City in Lviv Oblast, Ukraine

Khyriv (Хирів, /uk/; Chyrów) is a city in Sambir Raion, Lviv Oblast (region) of Ukraine with a population of around It hosts the administration of Khyriv urban hromada, one of the hromadas of Ukraine.

It became known principally for the celebrated eponymous Jesuit secondary boys school founded there in 1886. The institution, which produced 6,000 alumni during its existence, ceased all activity when the then Polish town fell to Soviet forces in 1939.

== History ==
Khyriv is first mentioned in documents from 1374. At that time, it was the private property of the noble Polish family of Herburt, and was part of the Kingdom of Poland. Administratively it was located in the Przemyśl Land in the Ruthenian Voivodeship in the Lesser Poland Province. For over 400 years Chyrów was a private town of the powerful landowning Ossoliński and Mniszech families. In 1528 Chyrów, as it is called in Polish, received Magdeburg rights, and three years later, the first Roman Catholic church was founded there by Andrzej Tarło. The wooden church probably burned down during the Great Northern War, and in 1710, it was replaced by a brick structure. In 1740, a synagogue opened in the town.
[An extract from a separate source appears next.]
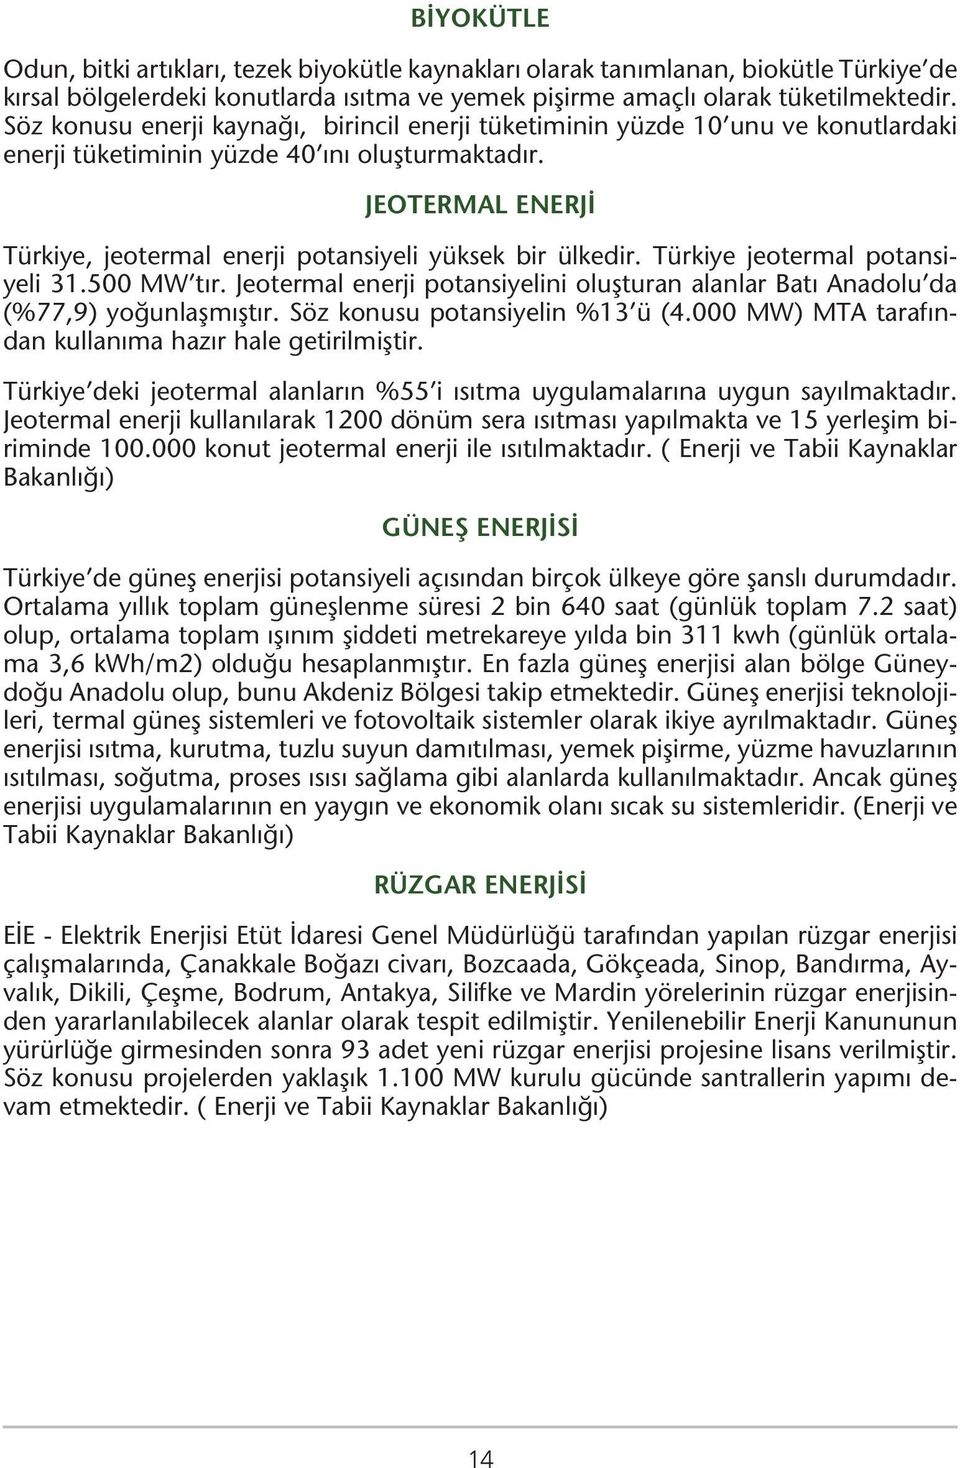 JEOTERMAL ENERJİ Türkiye, jeotermal enerji potansiyeli yüksek bir ülkedir. Türkiye jeotermal potansiyeli 31.500 MW tır.

In 1772, following the First Partition of Poland, Chyrów was annexed by the Habsburg Empire, and remained in Austrian Galicia until late 1918. In 1872 a rail connection was established with a station. In the 1880s, a state of the art vast purpose-built complex was erected there for a College on the outskirts of the town by the Polish province of the Society of Jesus. By 1913 the population of Chyrów was 3,400.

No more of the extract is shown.